* **Assignment**
Pictures excluded, set down exactly the lines from the one containing "A lion feasts" through the final line of the material, and only those.

* **Dataset extract**
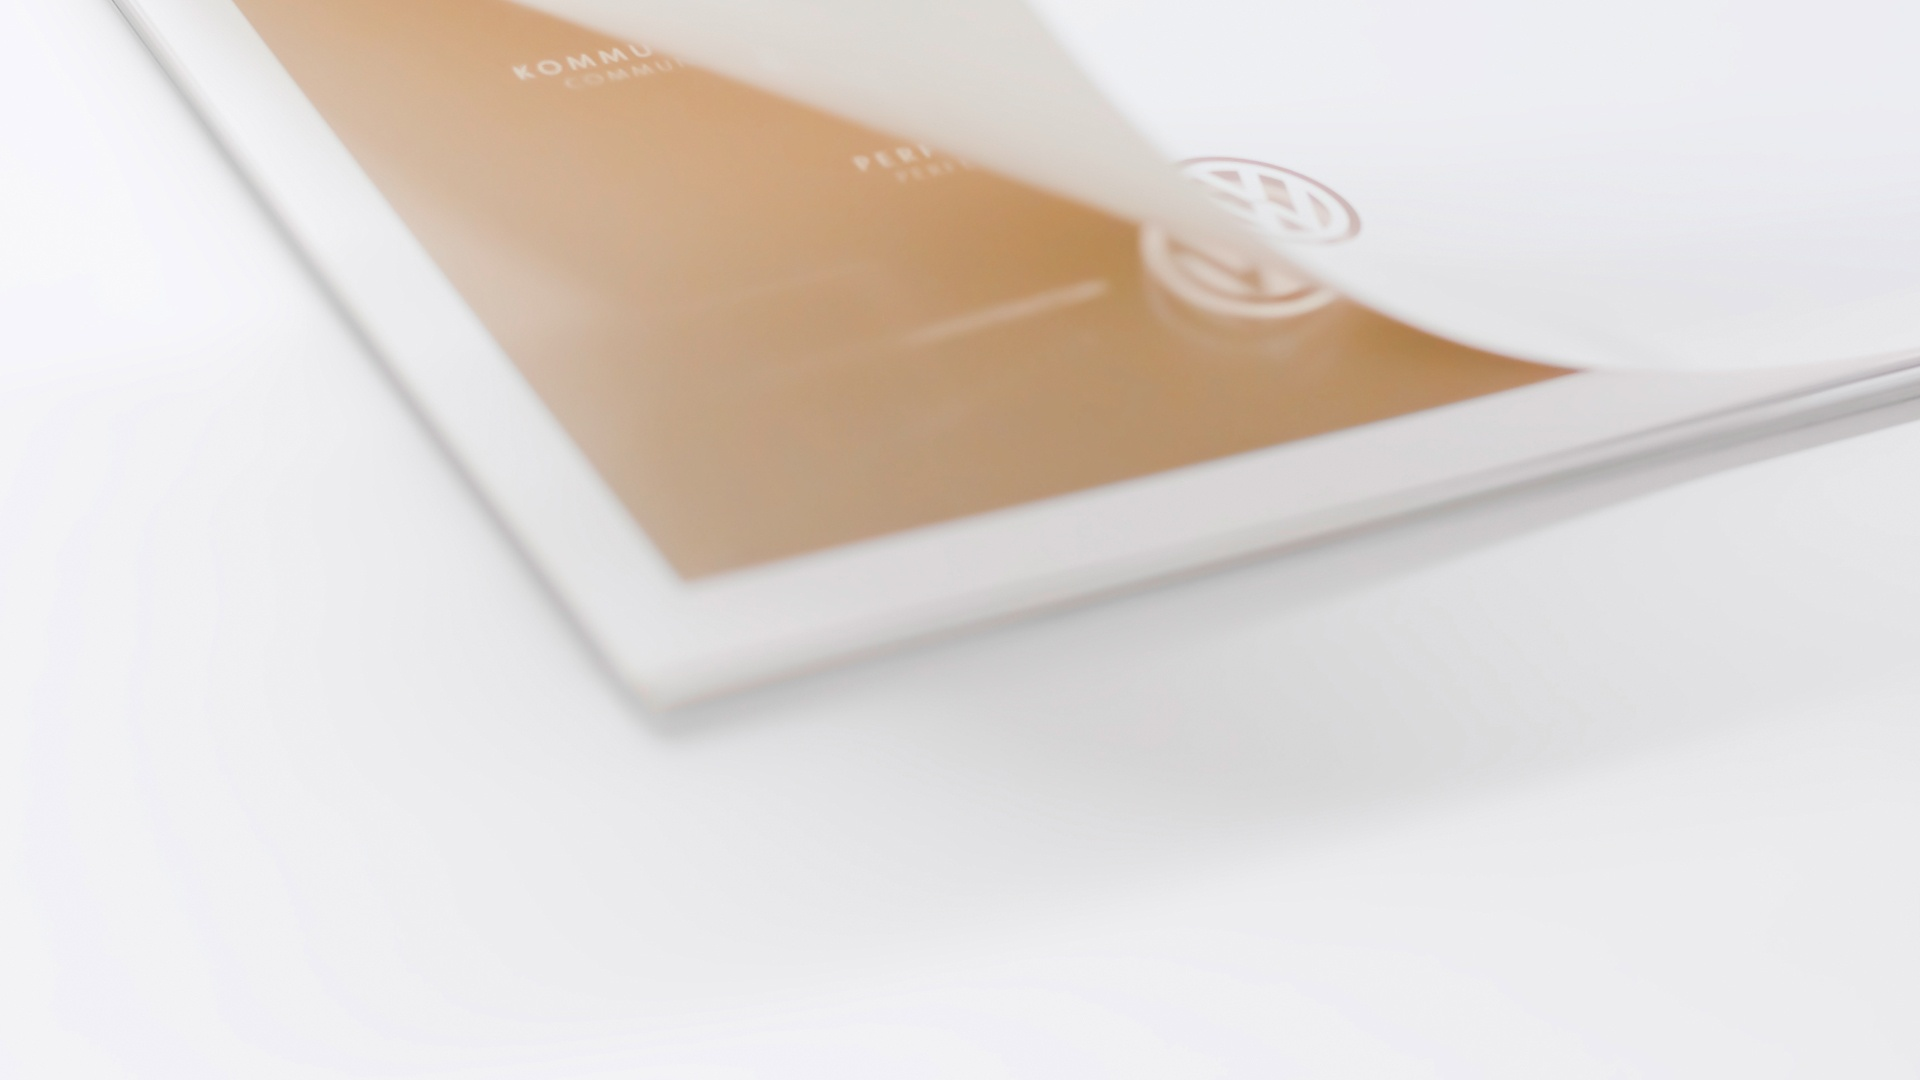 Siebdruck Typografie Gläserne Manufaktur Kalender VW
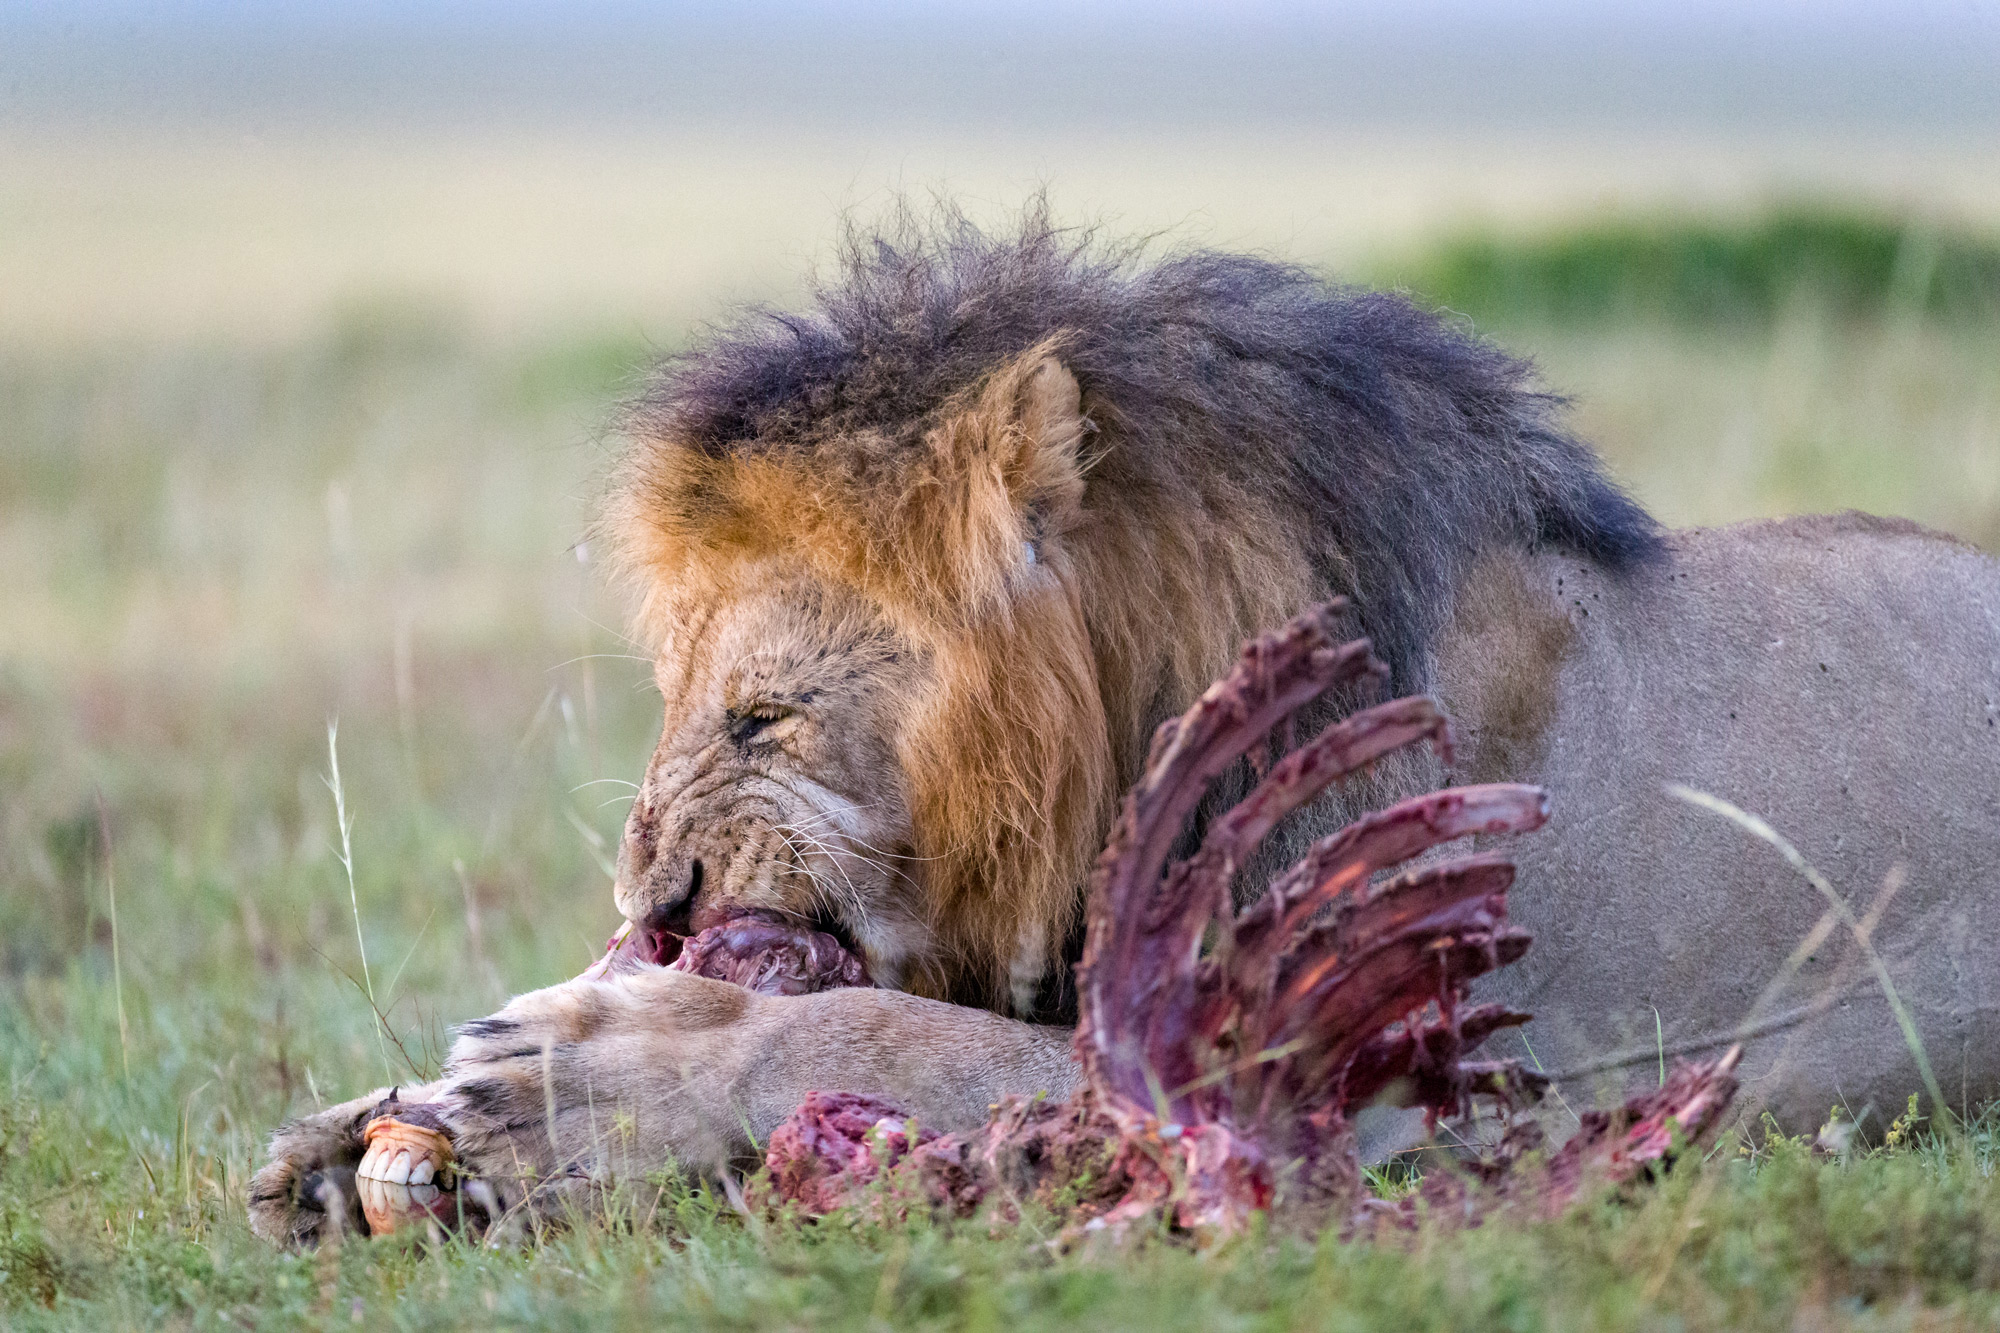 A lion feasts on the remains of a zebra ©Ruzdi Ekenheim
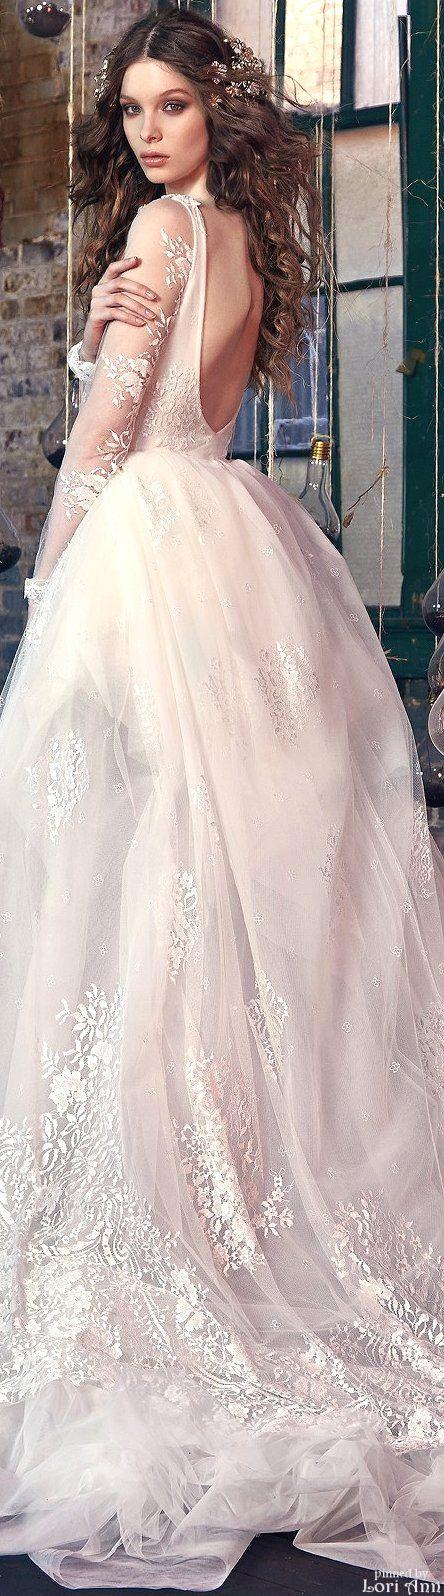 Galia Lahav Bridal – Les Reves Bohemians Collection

* **Task output**
 A lion feasts on the remains of a zebra ©Ruzdi Ekenheim
 Galia Lahav Bridal – Les Reves Bohemians Collection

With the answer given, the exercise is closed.